Growth Factor Gradients

While the identity of growth factor and/or growth factor combinations is important in stimulating neovascularization, the spatial presentation of these factors plays a major role in this process. In studies in the post-natal retina, Gerhardt et al. showed that the migration of ECs on the tips of sprouting vessels was dependent on the gradient of VEGF, while proliferation was a function of its concentration.15 The approaches described in the previous section generate gradients due to the diffusion of the growth factor from the polymer scaffold and into the surrounding tissue. It may also be beneficial to generate scaffolds with controlled gradients of growth factors to accelerate and guide vessel invasion.

Barkefors et al. investigated EC migration in response to soluble gradients of VEGF and FGF-2 using a novel microfluidic chemotaxis chamber.16 An advantage of the MCC as compared to more traditional chamber assays is that it allows for predictable gradients of various shapes and imaging of migratory cell paths using time-lapse microscopy. Gradients of VEGF resulted in a more potent chemotactic effect for ECs as compared to similar gradients of FGF-2. Further analysis of cell migration in different regions of the gradient indicated a maximal chemotactic response in exponential gradient as compared to linear gradient regions suggesting that the shape of the gradient dictates migratory response. These results suggest the complicated nature of the EC response to gradients of immobilized factors. The response depends on the specific growth factor and the shape of its concentration profile.

Growth factors and ECM molecules simultaneously regulate the migration of cells. Liu et al. created surface density gradients of both VEGF and fibronectin on gold substrates with varying gradient slopes generated by self-assembled monolayers using an electrochemical approach.17 To our knowledge, this was the first study to create surface density gradients of VEGF. ECs seeded on surface density gradients of fibronectin, VEGF, or both proteins exhibited increased cell displacement on gradient surfaces towards higher surface protein density as compared to surfaces with a uniform protein density. A two-fold increase in cell migration was observed on VEGF gradient as compared to fibronectin gradient surfaces and a further two-fold increase in migratory response was observed on surfaces with combined gradients of both factors as compared to those with immobilized VEGF or fibronectin gradients alone.

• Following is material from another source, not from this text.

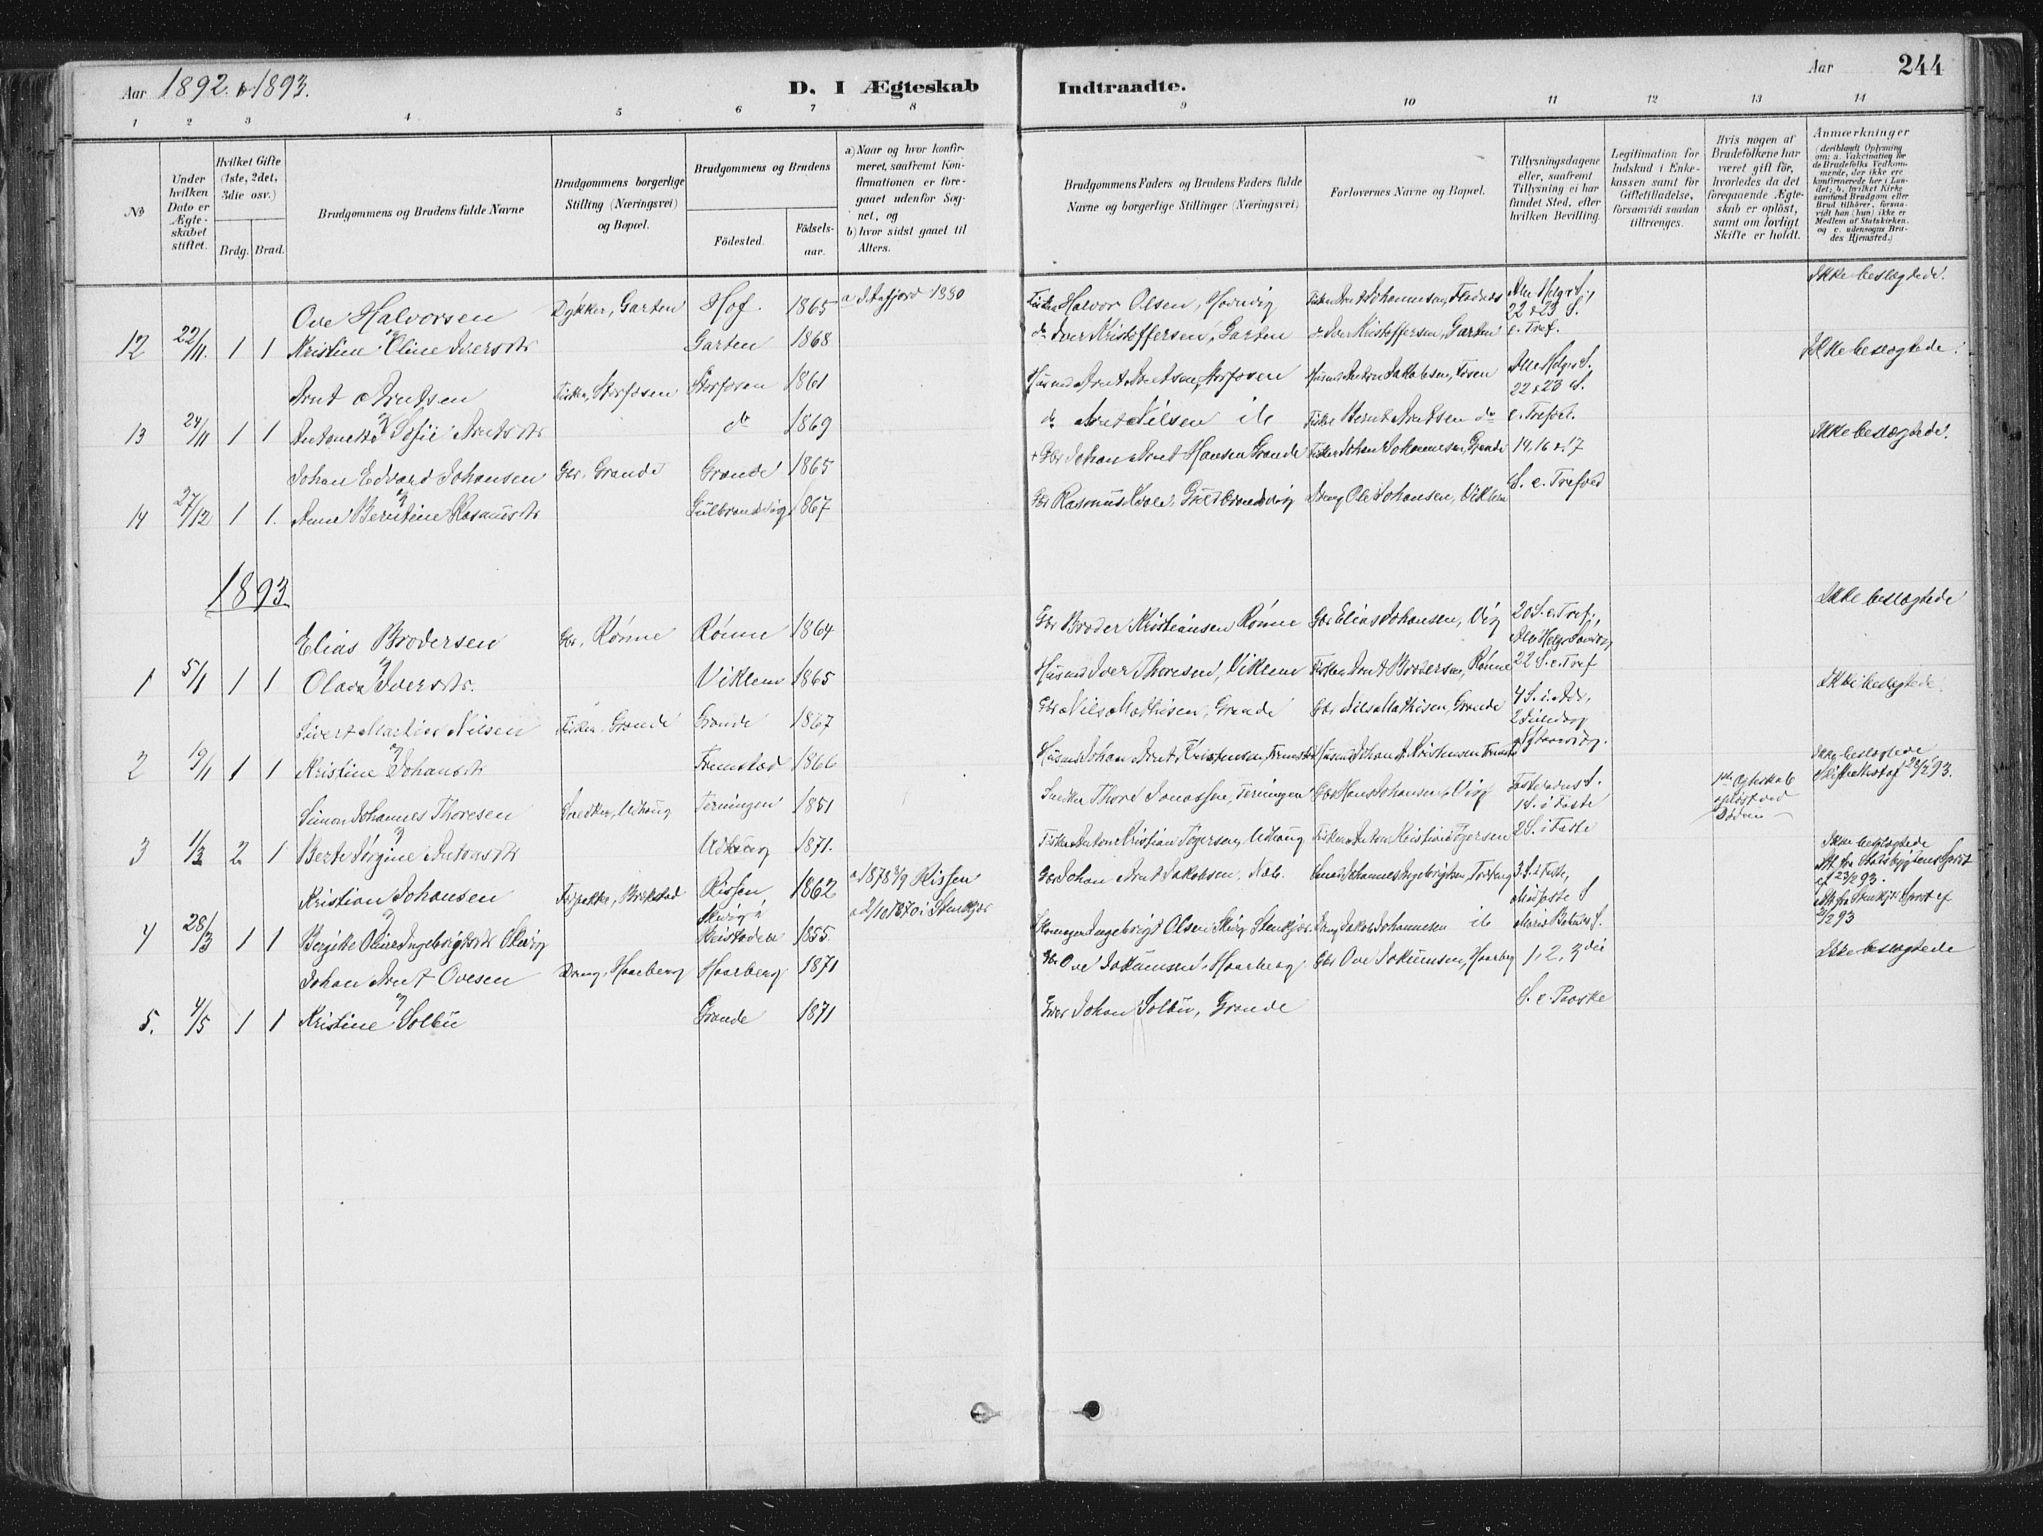 SAT, Ministerialprotokoller, klokkerbøker og fødselsregistre - Sør-Trøndelag, 659/L0739: Ministerialbok nr. 659A09, 1879-1893, s. 244

While the above-mentioned studies have provided significant insight of EC haptotactic response on 2D surfaces, the creation of gradients within three-dimensional polymeric scaffolds more accurately mimics the physiological environment. Hydrogels of PEG formed via photopolymerization have the potential to be used to create immobilized gradients of growth factors and cell adhesion sites. The advantage of this approach to engineer polymer scaffolds for tissue engineering applications is that both the physical properties and the incorporation of proteins and peptides can be controlled by polymerization conditions (e.g., polymerization time, PEG macromer molecular weight, precursor concentration). Immobilized gradients of FGF-2 were incorporated into PEG-based hydrogels formed using a gradient maker.18 In this case cells preferentially migrated up the gradient, but it is not clear whether the magnitude of the gradient influenced migratory behavior. In addition, while the hydrogel is 3D the cells only migrated on the surface resulting in a 2D cell migratory response, and only smooth muscle cell migration was examined. Creation of 3D gradients within PEG hydrogels would be a better benefit for applications in regenerative medicine.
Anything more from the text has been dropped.